Мир является для нас реальным объектом, как целое, свойства которого могут в известной степени познаваться геометрией — наукой, основанной на эмпирическом проникновении в реальную природу. Он представляет нечто единое и свойства его зависят от места, в нем изучаемого. Его проявлениями являются радиация, материя и энергия, разделение которых друг от друга так же мало возможно, как и разделение абсолютных пространства и времени друг от друга. Радиация, материя и энергия — и, возможно, проявления жизни, если подтвердится ее космическое значение, — заполняют все доступное нам окружающее Реальное — космическое пространство и связанное с ним время.

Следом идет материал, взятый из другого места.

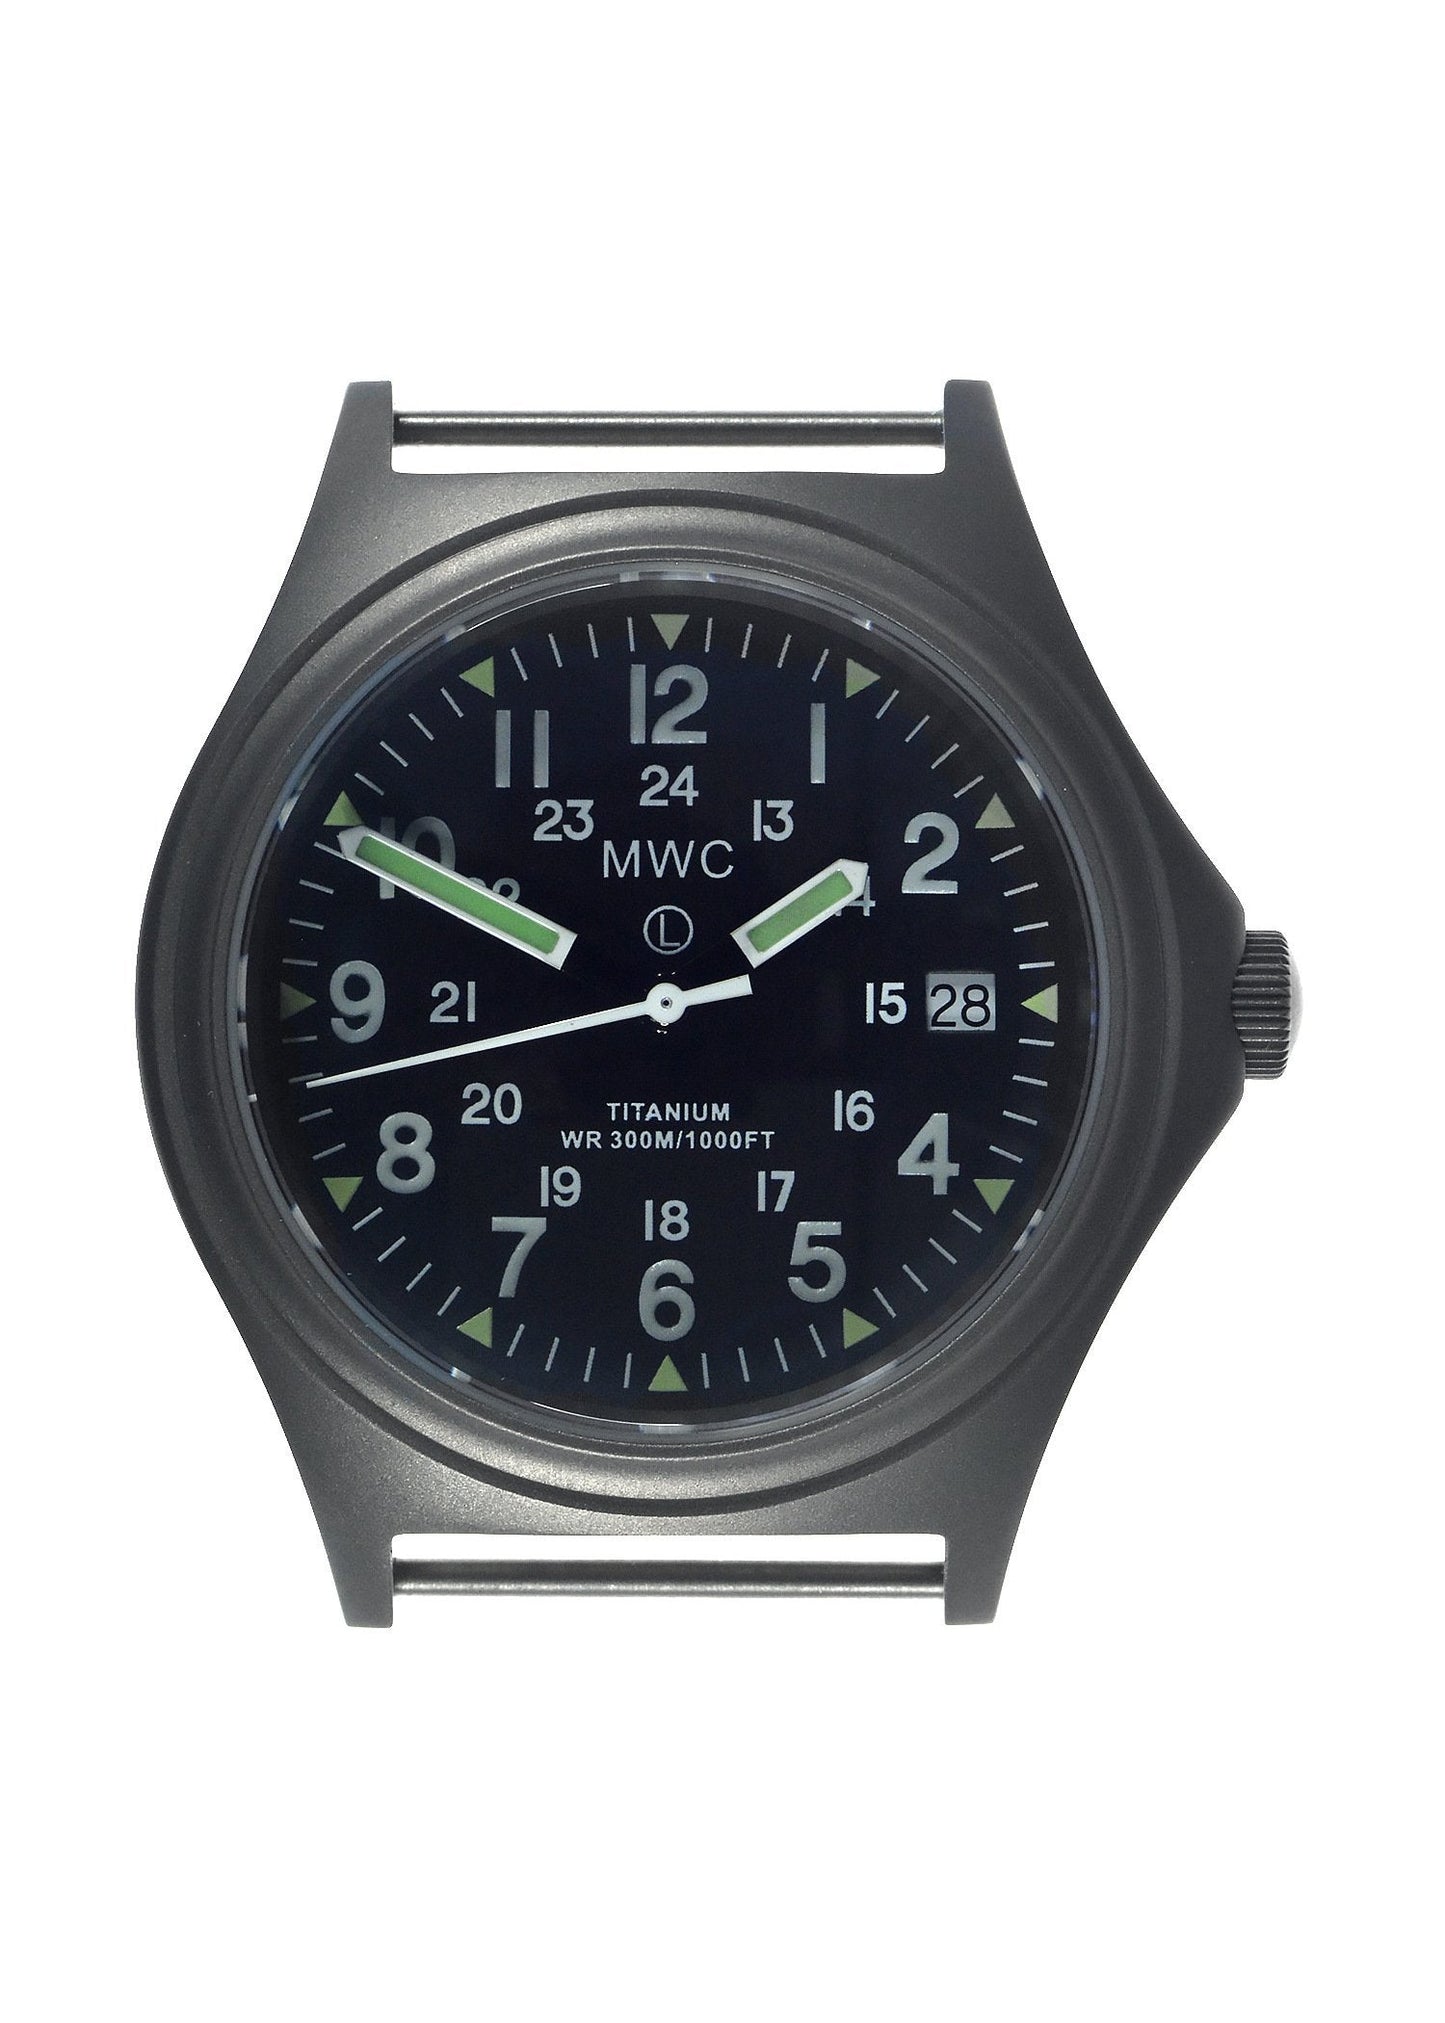 MWC Titanium General Service Watch, 300m Water Resistant, 10 Year Battery Life, Luminova, Sapphire Crystal and 12/24 Dial Format (Date Version)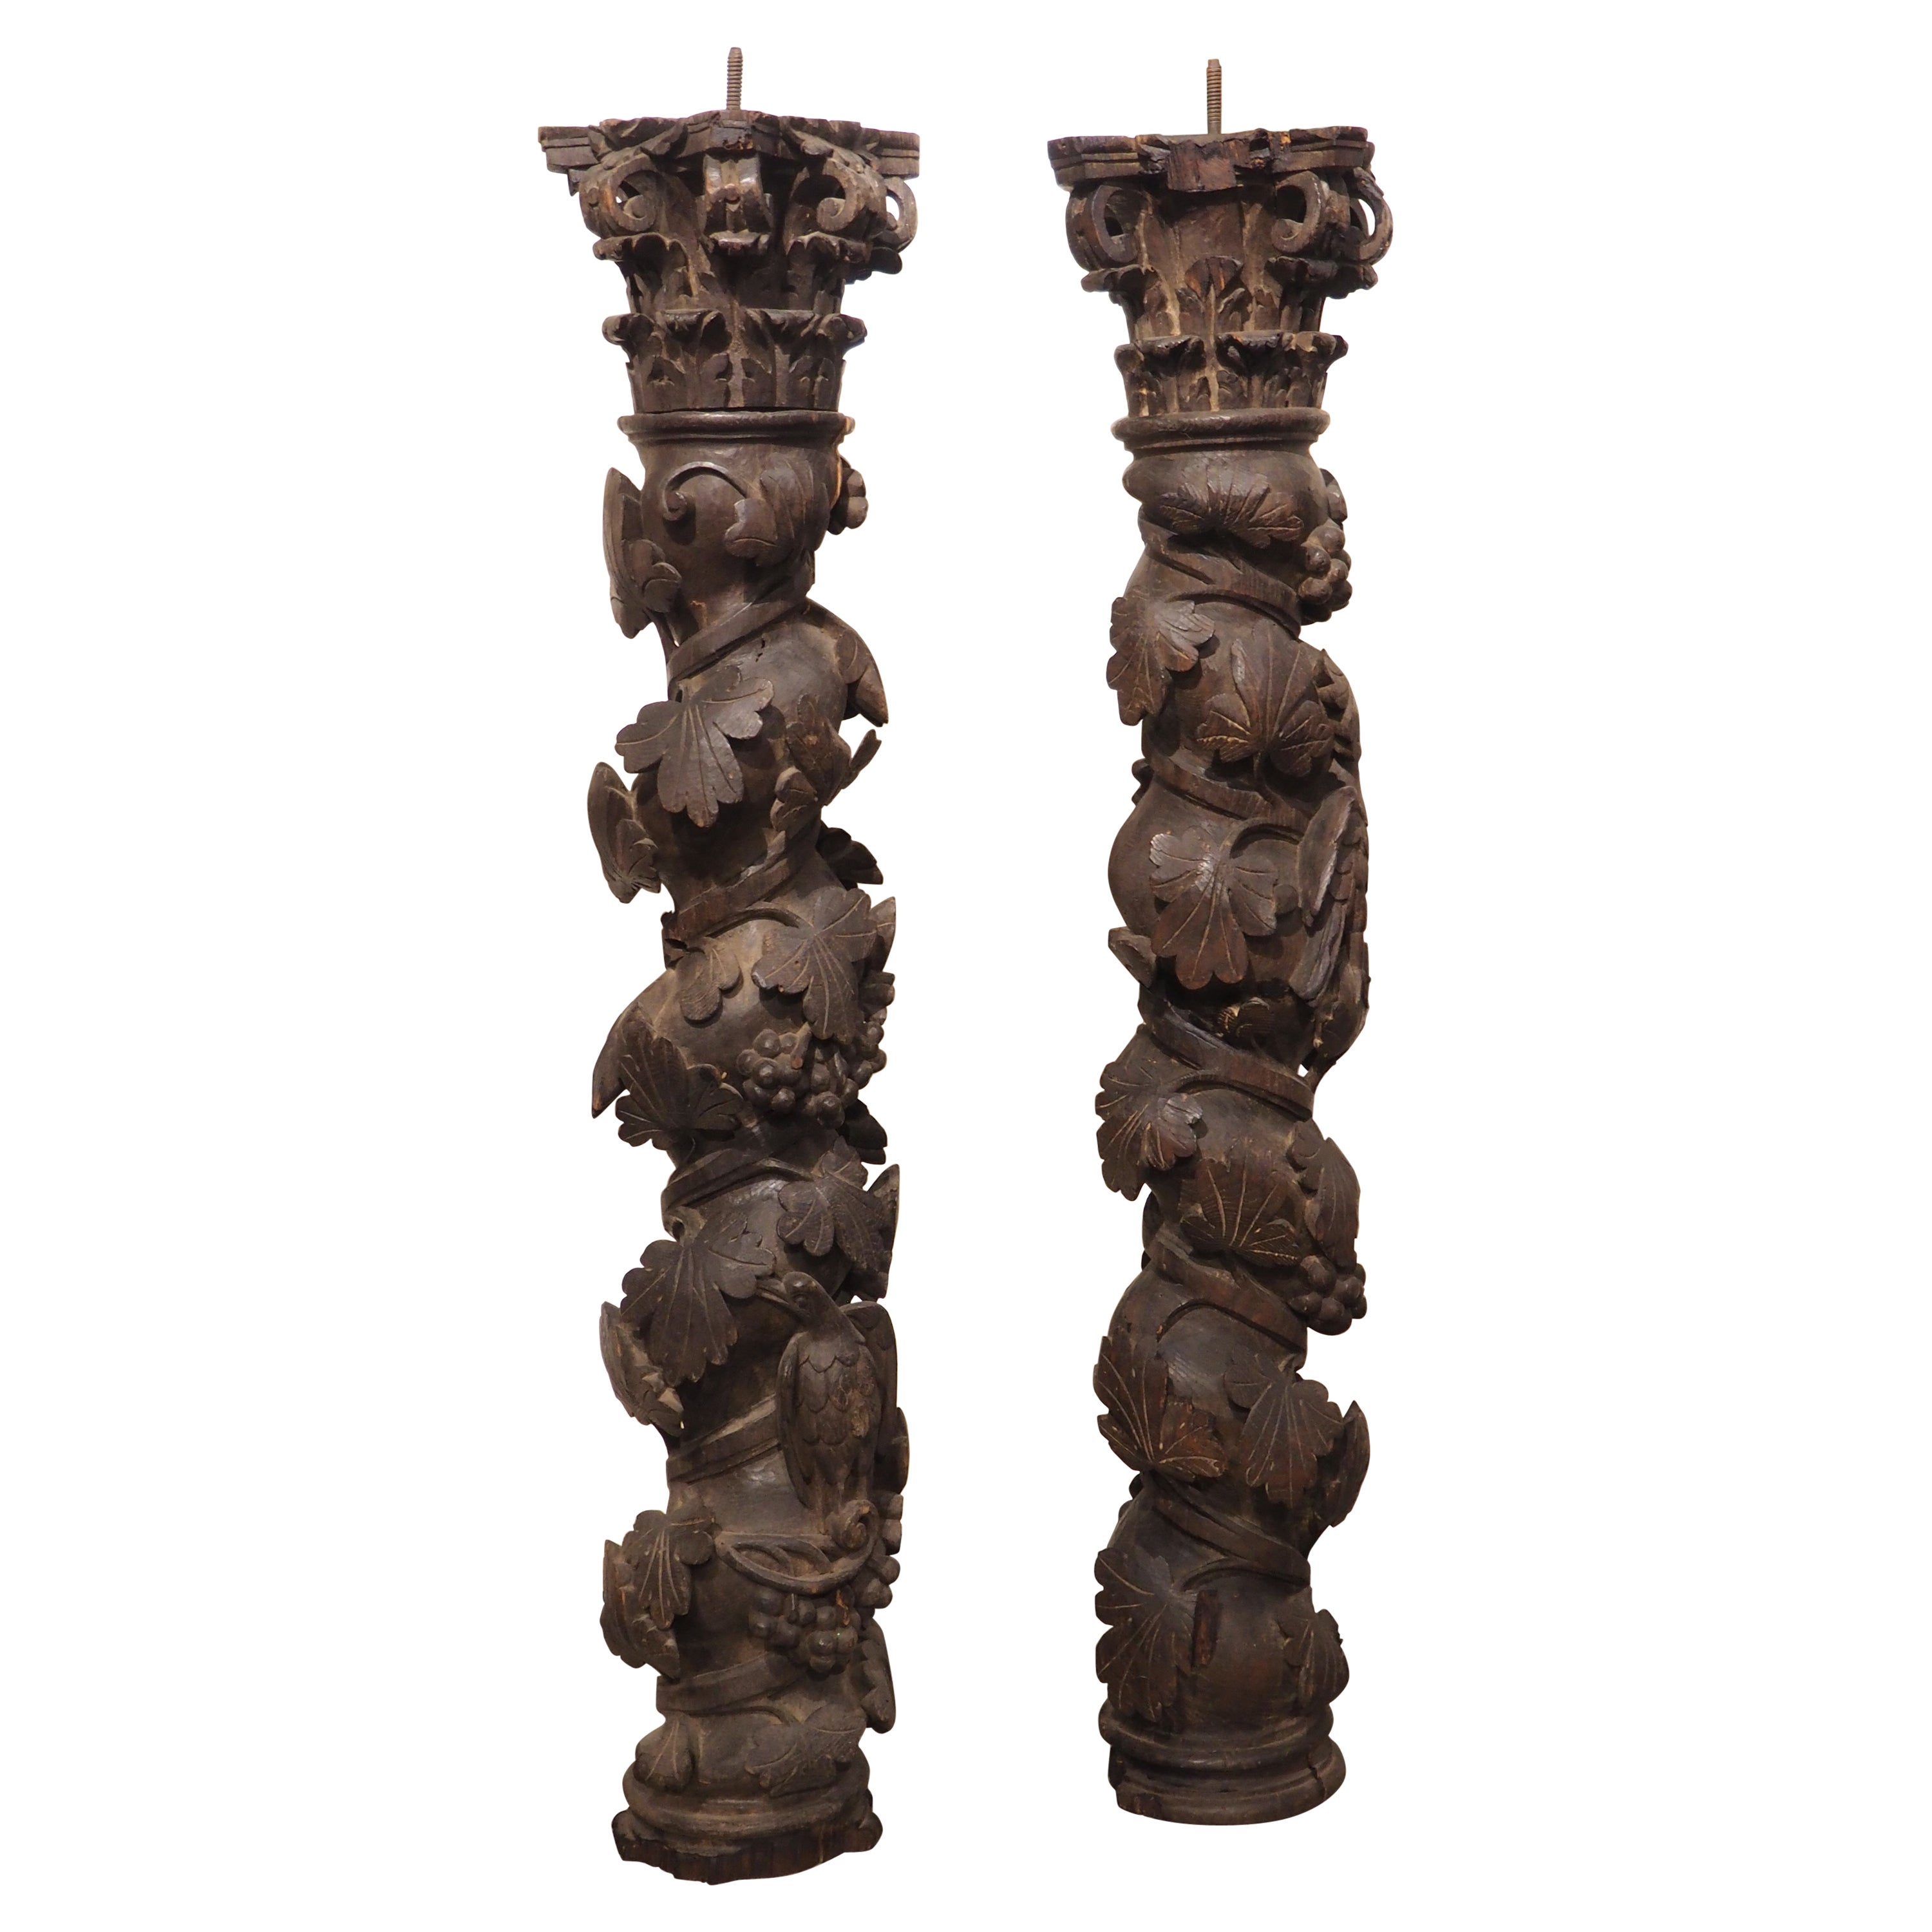 Pair of 18th Century Carved Chestnut Solomonic Columns from Portugal

До сих пор мы изучали небольшую часть Космоса и в ней встретились с чрезвычайно характерной особенностью, что она в своих геометрических свойствах приближается к той геометрии, законы которой были выведены Евклидом, если только мы примем и время за одну — четвертую — координату этого геометрического представления. Это является следствием того, что мы нигде не встречали до сих пор больших скоплений материи, которые нарушали бы те явления, которые мы изучаем в Космосе. И постольку, поскольку в нем нет больших скоплений матери, можно безопасно изучать окружающее Реальное, как проявление евклидовой геометрии. Но наше убеждение, что в Космосе не встретится таких случаев, когда евклидова геометрия перестанет отвечать его свойствам, основывается исключительно на том, что мы до сих пор таких мест не встретили — но мы нашими методами научного искания охватили лишь ничтожную часть Вселенной. Может быть, в ней найдутся места, где нельзя будет с точностью современной научной работы руководствоваться этой геометрией, а надо будет искать или применять иные геометрические представления.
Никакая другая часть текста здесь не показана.